Deixo aqui as primeiras vinhetas desenhadas pelo novo desenhador da série Alix, Chrys Millien. O título do álbum é L’oeil du Minotaure (O Olho do Minotauro, numa tradução literal).
Por fim, como segunda curiosidade, refira-se que o sacerdote cego desta primeira aventura de Alix Senator, As Águias de Sangue, é baseado no personagem Jorge de Burgos, o bibliotecário-mor criado por Umberto Eco para o seu romance O Nome da Rosa, como homenagem ao escritor argentino Jorge Luís Borges.
Amante da literatura em geral, apaixonado pela BD desde a infância, a sua vida adulta passa-a toda rodeado de livros como editor. Outra das suas grandes paixões é o cinema e a sua DVDteca.

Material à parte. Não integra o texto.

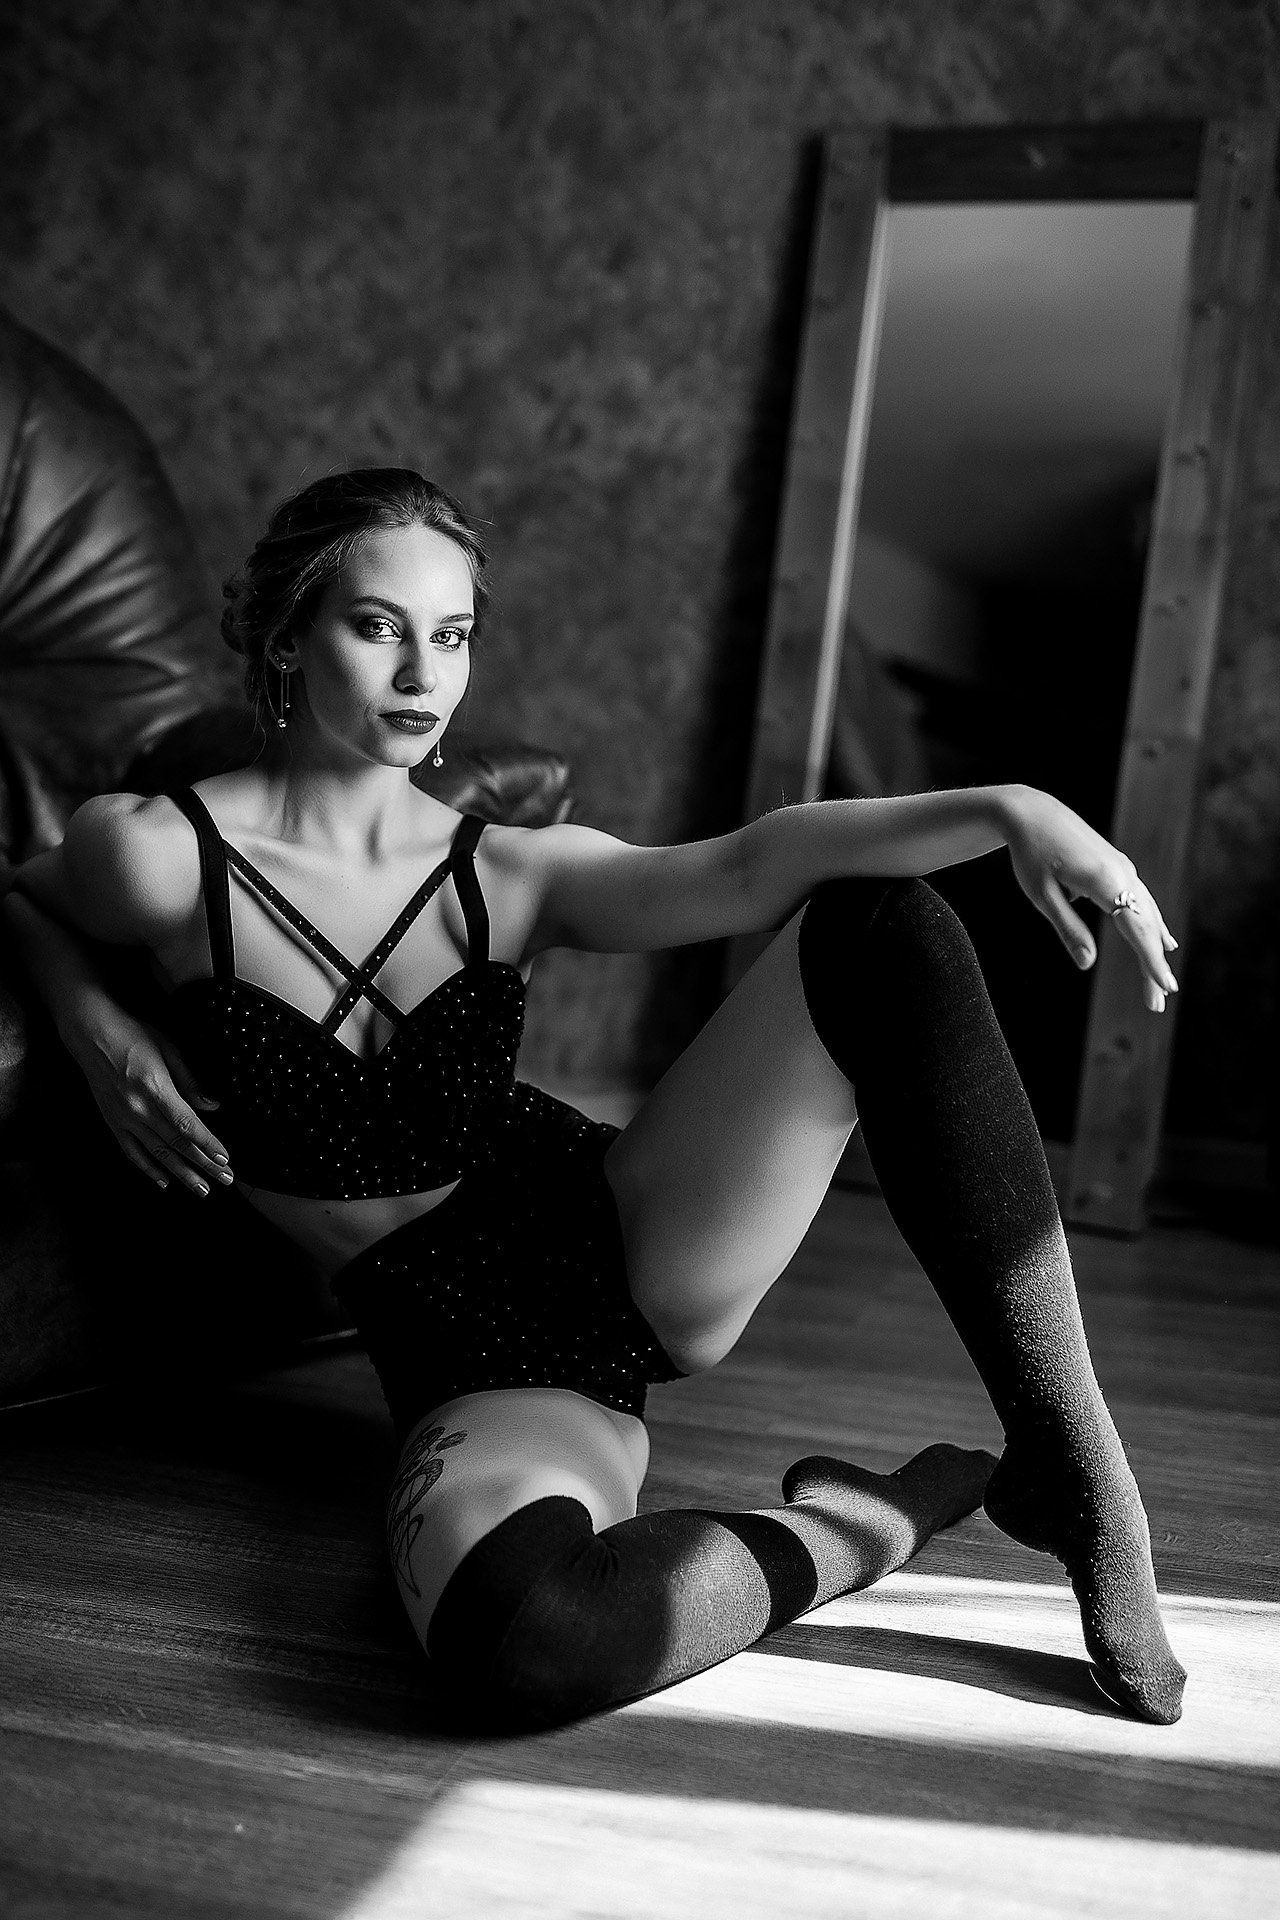 #portait #model #girl #портрет #модель #девушка #арт, Черников Алексей

Mais uma extraordinária recensão crítica; tão urgente a sua consulta quão urgente é o nosso encontro com esta fabulosa sequela de Alix.

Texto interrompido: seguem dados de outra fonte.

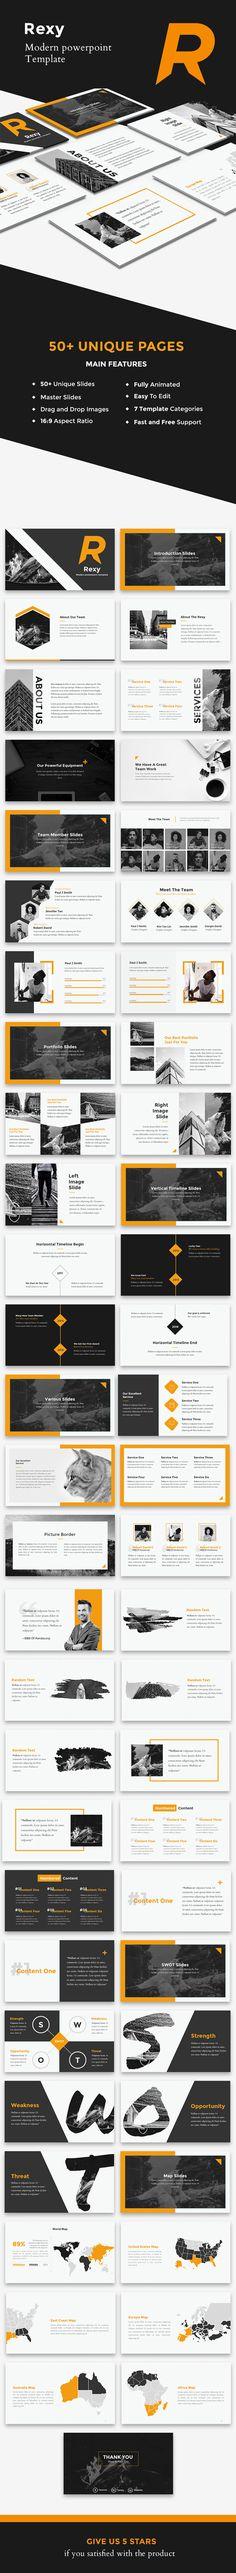 Rexy - Modern PowerPoint Template

Obrigado pela gentileza, caro Rui.
Na verdade, muito mais havia para dizer acerca deste primeiro volume de Alix Senator (por alguma razão, faz parte do “PNL” francês). por exemplo, só em termos de reconstituição histórica dos lugares, o leitor precisa de tirar um dia para tentar descobrir todos – como a Porta Capena que dava acesso à Via Apia (a principal estrada que ia dar a Roma) ou o Circo Máximo, as Termas de Agripa, o Panteão, a Colina do Capitólio, o Monte Palatino, o Mausoléu de Augusto, as Casas de Augusto, isto para citar apenas alguns dos que descobri.
Os milhares de apreciadores portugueses de Alix têm nesta série um rejuvenescer inteligente da história do herói gaulês. Curiosamente, é um rejuvenescimento que se deve ao envelhecimento.